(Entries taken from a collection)

- - -

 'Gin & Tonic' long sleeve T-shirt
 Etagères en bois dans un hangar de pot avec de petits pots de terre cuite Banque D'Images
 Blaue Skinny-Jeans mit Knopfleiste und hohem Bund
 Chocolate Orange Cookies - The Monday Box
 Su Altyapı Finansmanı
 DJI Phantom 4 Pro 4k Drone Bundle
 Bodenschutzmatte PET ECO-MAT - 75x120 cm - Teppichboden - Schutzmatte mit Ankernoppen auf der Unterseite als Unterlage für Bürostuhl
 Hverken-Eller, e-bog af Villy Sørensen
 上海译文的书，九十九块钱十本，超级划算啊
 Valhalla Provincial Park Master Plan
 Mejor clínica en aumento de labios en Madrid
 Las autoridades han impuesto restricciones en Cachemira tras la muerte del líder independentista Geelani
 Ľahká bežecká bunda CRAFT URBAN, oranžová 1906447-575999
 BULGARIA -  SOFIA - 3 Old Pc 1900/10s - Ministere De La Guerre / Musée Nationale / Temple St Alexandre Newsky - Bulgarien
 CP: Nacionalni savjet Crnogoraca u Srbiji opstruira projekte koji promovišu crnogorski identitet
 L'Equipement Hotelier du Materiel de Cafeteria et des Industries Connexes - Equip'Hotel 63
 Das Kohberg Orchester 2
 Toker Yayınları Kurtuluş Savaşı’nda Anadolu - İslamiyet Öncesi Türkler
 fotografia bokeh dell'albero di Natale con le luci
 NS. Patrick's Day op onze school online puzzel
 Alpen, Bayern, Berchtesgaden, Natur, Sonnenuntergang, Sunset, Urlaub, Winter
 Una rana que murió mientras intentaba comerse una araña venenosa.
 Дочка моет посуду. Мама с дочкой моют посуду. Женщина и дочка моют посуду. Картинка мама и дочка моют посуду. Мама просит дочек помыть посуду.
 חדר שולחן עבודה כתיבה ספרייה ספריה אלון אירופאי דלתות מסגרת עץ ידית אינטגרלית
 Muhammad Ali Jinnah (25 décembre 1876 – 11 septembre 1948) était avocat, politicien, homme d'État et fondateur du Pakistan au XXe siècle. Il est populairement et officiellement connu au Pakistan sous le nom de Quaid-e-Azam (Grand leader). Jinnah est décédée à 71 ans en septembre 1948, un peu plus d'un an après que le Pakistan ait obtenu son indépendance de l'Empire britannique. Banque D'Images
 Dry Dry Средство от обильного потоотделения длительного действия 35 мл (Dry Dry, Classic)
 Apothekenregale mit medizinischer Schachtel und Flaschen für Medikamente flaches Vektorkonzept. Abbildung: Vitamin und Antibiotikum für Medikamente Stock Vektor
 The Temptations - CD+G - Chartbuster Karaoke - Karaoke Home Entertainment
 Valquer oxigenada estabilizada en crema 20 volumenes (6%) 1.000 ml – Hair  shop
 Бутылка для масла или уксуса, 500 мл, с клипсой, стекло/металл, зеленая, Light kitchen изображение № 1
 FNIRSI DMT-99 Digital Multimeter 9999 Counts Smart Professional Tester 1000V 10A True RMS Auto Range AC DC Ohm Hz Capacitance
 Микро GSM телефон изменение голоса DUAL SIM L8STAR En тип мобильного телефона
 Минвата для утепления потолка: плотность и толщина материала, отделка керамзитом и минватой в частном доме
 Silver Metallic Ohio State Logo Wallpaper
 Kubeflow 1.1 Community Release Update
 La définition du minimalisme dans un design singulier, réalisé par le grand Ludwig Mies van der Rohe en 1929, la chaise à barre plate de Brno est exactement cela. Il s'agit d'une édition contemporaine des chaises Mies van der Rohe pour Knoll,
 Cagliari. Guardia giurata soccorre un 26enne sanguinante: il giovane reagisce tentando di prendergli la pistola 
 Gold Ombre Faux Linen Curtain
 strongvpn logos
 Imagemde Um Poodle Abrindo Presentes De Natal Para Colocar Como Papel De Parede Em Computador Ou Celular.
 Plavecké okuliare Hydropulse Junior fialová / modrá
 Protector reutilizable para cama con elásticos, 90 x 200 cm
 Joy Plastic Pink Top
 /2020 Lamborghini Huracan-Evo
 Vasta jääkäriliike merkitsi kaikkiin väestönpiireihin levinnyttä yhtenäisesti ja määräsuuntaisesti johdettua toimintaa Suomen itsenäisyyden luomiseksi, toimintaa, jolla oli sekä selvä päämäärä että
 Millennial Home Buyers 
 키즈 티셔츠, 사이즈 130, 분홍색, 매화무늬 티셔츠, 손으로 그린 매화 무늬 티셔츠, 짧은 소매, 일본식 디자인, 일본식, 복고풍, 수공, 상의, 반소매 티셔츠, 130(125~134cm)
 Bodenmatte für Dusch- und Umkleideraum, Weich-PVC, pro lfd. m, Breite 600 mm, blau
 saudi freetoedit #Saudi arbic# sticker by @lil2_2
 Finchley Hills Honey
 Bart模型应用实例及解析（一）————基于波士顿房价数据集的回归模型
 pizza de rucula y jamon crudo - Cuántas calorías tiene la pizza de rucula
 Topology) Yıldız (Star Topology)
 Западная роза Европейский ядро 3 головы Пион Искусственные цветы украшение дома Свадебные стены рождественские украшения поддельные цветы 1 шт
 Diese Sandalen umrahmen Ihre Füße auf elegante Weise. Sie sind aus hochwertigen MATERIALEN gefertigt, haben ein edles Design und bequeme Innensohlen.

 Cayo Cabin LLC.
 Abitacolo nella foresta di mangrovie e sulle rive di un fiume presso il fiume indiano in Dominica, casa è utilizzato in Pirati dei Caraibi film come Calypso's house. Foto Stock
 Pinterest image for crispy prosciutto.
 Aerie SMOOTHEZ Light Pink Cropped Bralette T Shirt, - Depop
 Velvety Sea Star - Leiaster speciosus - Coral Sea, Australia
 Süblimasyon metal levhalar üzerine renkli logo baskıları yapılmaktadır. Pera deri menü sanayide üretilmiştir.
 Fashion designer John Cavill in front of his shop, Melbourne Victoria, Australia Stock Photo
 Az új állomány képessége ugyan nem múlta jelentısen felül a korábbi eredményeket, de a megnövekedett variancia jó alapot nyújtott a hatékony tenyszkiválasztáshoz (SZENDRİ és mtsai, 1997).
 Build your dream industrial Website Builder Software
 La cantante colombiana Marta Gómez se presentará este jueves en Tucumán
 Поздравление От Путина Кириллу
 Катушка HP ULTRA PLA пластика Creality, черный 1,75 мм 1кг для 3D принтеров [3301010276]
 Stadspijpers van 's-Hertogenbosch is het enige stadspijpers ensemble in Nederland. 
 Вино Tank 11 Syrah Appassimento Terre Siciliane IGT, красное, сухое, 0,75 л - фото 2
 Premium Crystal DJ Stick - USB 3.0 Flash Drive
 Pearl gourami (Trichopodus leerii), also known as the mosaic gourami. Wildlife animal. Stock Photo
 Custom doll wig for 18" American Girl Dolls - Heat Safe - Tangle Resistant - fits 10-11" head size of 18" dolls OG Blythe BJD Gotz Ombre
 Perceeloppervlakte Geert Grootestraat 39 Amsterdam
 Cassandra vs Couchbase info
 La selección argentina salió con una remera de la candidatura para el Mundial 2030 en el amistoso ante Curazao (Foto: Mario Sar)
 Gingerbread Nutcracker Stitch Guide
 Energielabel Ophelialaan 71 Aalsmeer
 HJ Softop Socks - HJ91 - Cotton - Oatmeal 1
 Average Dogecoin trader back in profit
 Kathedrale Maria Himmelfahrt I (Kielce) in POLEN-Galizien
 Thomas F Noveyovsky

- - -

→ **What the task asks**
Starting with the first line of the records above, give back each line exactly until the line with "Bodenschutzmatte PET ECO-MAT" has been given as well.

→ **Reply**
 'Gin & Tonic' long sleeve T-shirt
 Etagères en bois dans un hangar de pot avec de petits pots de terre cuite Banque D'Images
 Blaue Skinny-Jeans mit Knopfleiste und hohem Bund
 Chocolate Orange Cookies - The Monday Box
 Su Altyapı Finansmanı
 DJI Phantom 4 Pro 4k Drone Bundle
 Bodenschutzmatte PET ECO-MAT - 75x120 cm - Teppichboden - Schutzmatte mit Ankernoppen auf der Unterseite als Unterlage für Bürostuhl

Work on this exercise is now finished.